The vfdb_format_gSpread.csv.csv and victors_format_gSpread.csv.csv files contain virulence factors results for each genome in a format that is ready for integration into subsequent gSpreadComp modules. These files are crucial for downstream analysis and should be retained.
Tip
If the user wants to generate custom, quality, taxonomy, gene annotation, plasmid identification, or Virulence Factors annotation files outside gSpreadComp, it is important to maintain the table formatting.
All the examples of input tables used by the gSpread module are here.

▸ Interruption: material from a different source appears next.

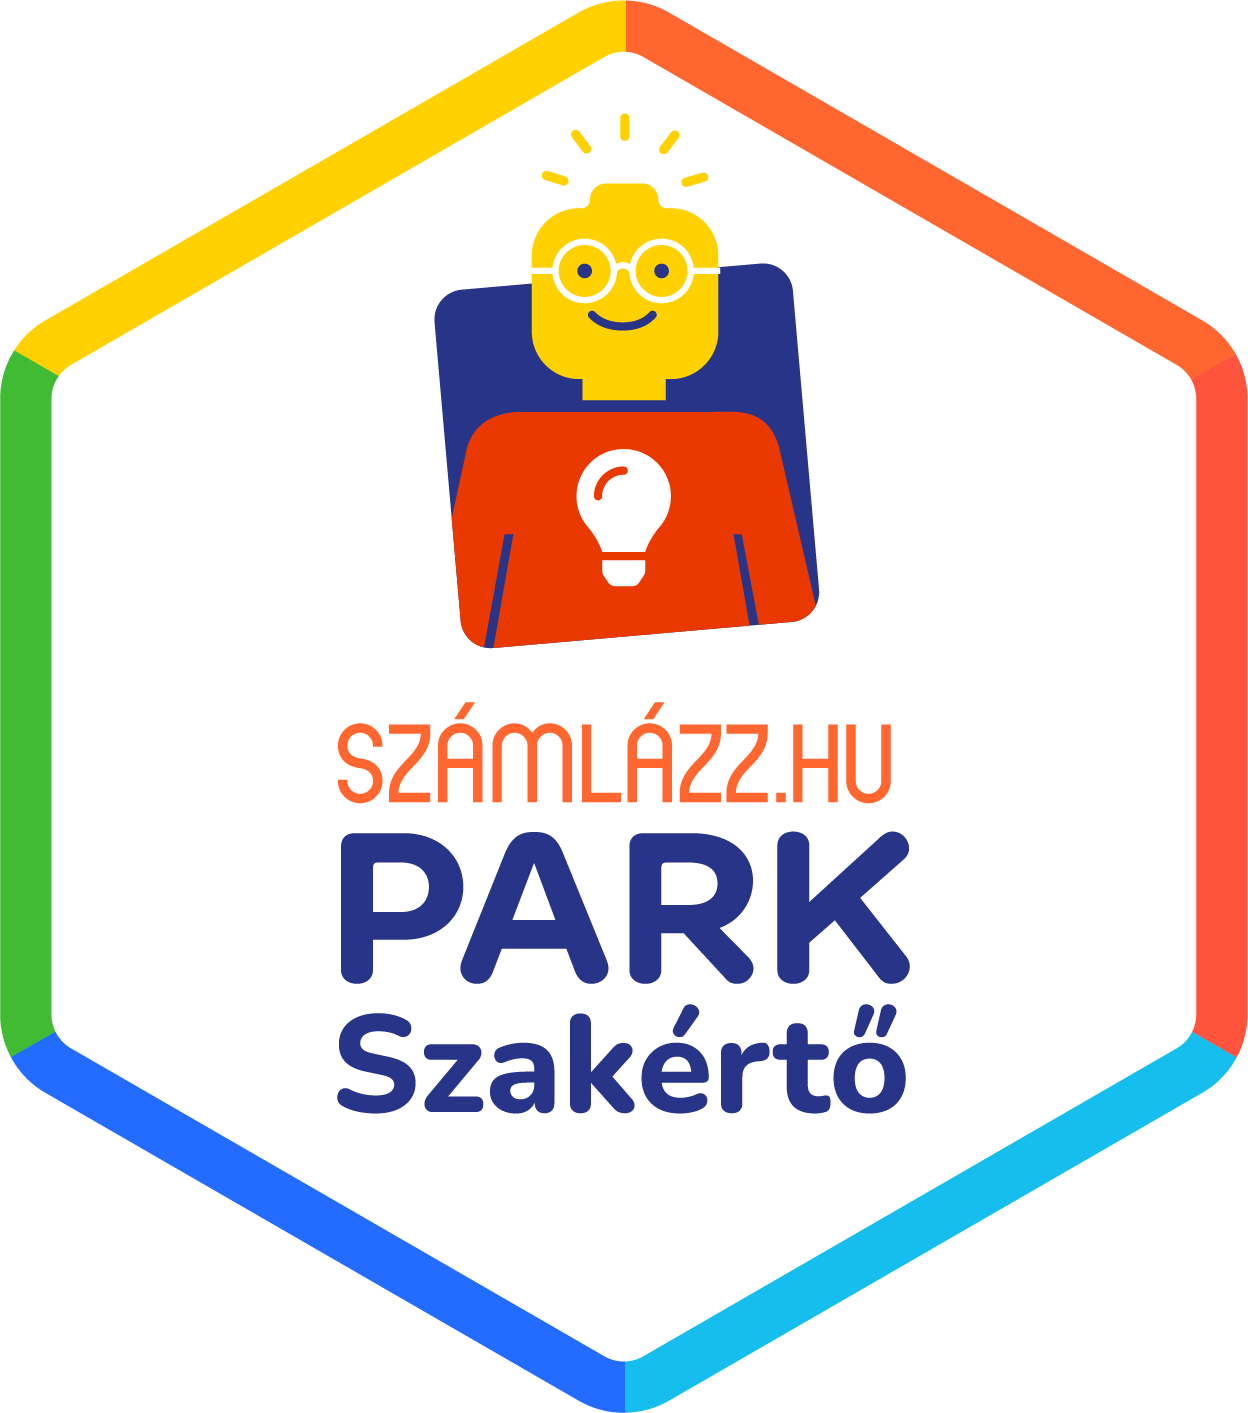 számlázz.hu park badge

Most important is to keep the column naming as seen in the example tables.
The gspread module is the final step in the gSpreadComp pipeline, integrating the previous modules' outputs to comprehensively analyze gene spread, potential plasmid-mediated horizontal gene transfer, and resistace-virulence ranking.
To view the available options for the gspread module, use the following command:
gspreadcomp gspread --helpThis will display the available parameters and their descriptions.
If you've followed our tutorial steps sequentially, you should have the required inputs ready for the gspread module. Here's how to execute the module with the processed outputs:
gspreadcomp gspread --gtdbtk ./03_gspread_gtdb_taxonomy/gtdb_df_format_gSpread.csv --checkm ./04_gspread_checkm_quality/checkm_df_format_gSpread.csv --gene ./05_gspread_deeparg_args/deeparg_df_format_gSpread.csv --meta ./02_metadata_gspread_sample.csv --plasmid ./06_gspread_plasmids/plasflow_combined_format_gSpread.csv --vf ./07_gspread_pathogens/victors_format_gSpread.csv -t 25 -o ./08_gspread_results/ --target_gene_col Gene_idAfter running the command, the gspread module will produce several output files in the specified output directory (./08_gspread_results/ in our example):
08_gspread_results/
├── common_tax_target.csv
├── gSpread_report.html
├── gene_pairwise_comp_results
├── gene_spread_results
├── genome_quality_norm
├── hgt_events_results
├── mags_complete_annotation.csv
├── mags_summary_results.csv
├── network_vis_files
└── pathogens_results
Among these, the gSpread_report.html , while other files and directories contain detailed results from various analyses performed by the module.
Several of the generated files are used in the report. However, a detailed inspection of all the outputs may also help the user.
The main files are the mags_complete_annotation.csv and the mags_summary_results.csv, which contain a result compilation and a ranking based on the resistance-virulence metric for every given genome.